→ **Exercise details**:
Omit the pictures, then reproduce every remaining record exactly.

== Segment start ==

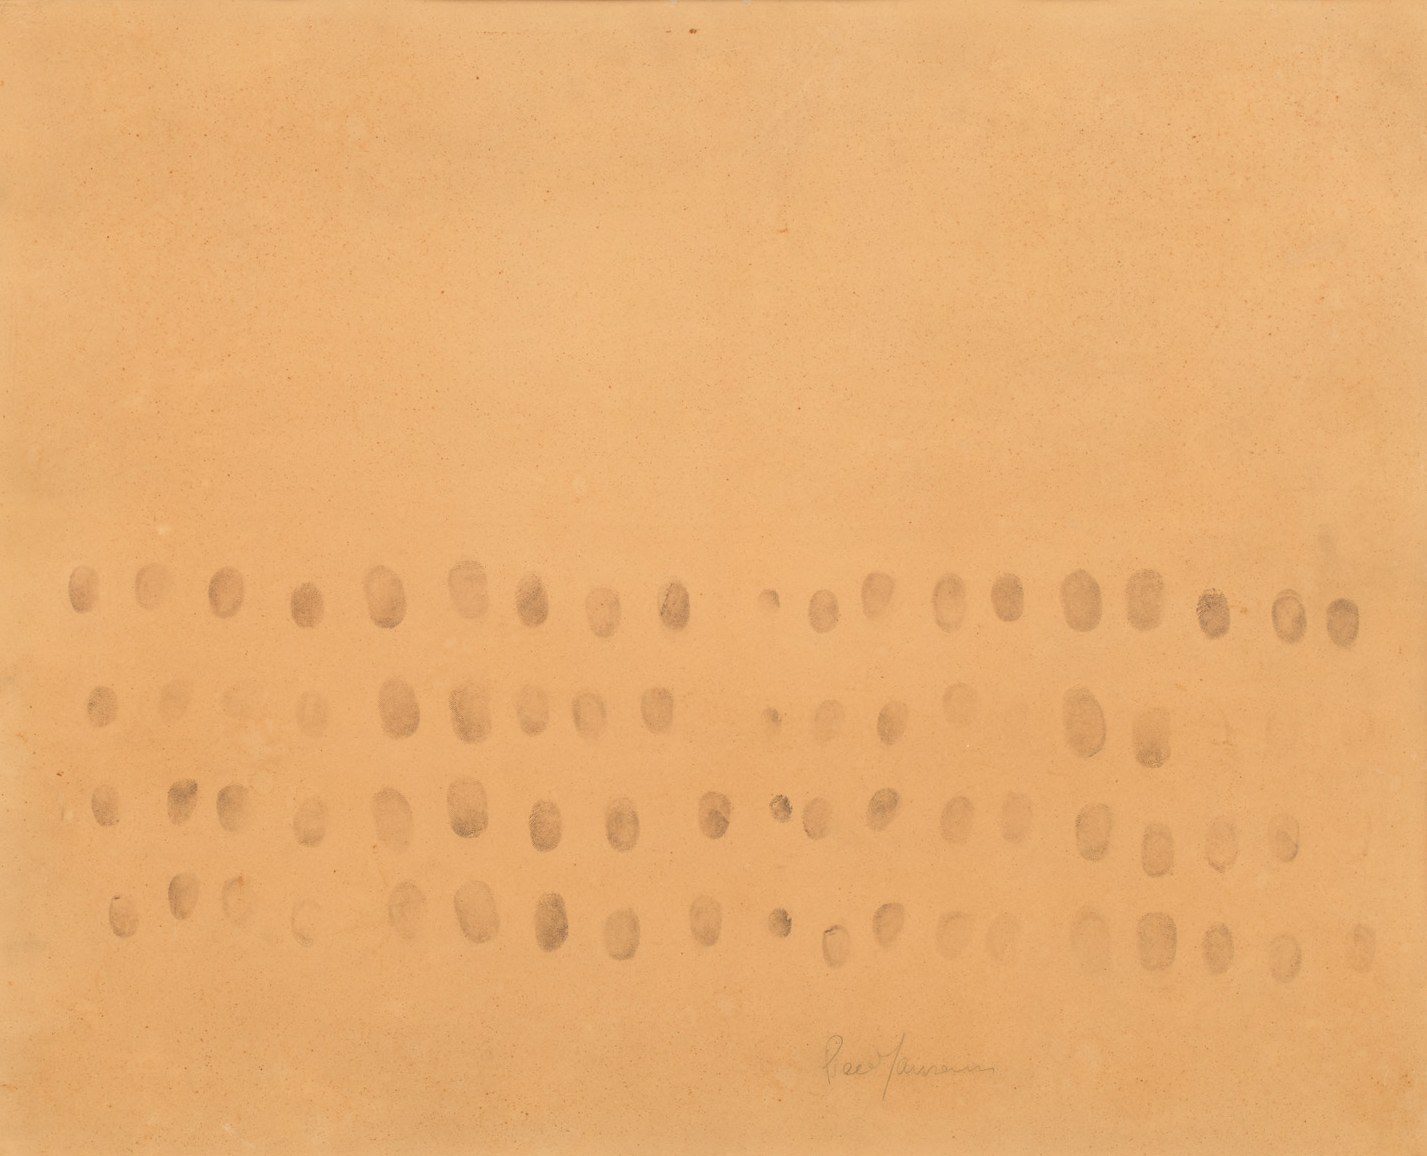 Piero Manzoni

&amp;ldquo;Impronte&amp;rdquo;, ca. 1961

Ink on paper

19 3/4 x 24 inches

50 x 61 cm

MAN 36

== Segment end ==

→ **Exercise answer**:
 Piero Manzoni

&amp;ldquo;Impronte&amp;rdquo;, ca. 1961

Ink on paper

19 3/4 x 24 inches

50 x 61 cm

MAN 36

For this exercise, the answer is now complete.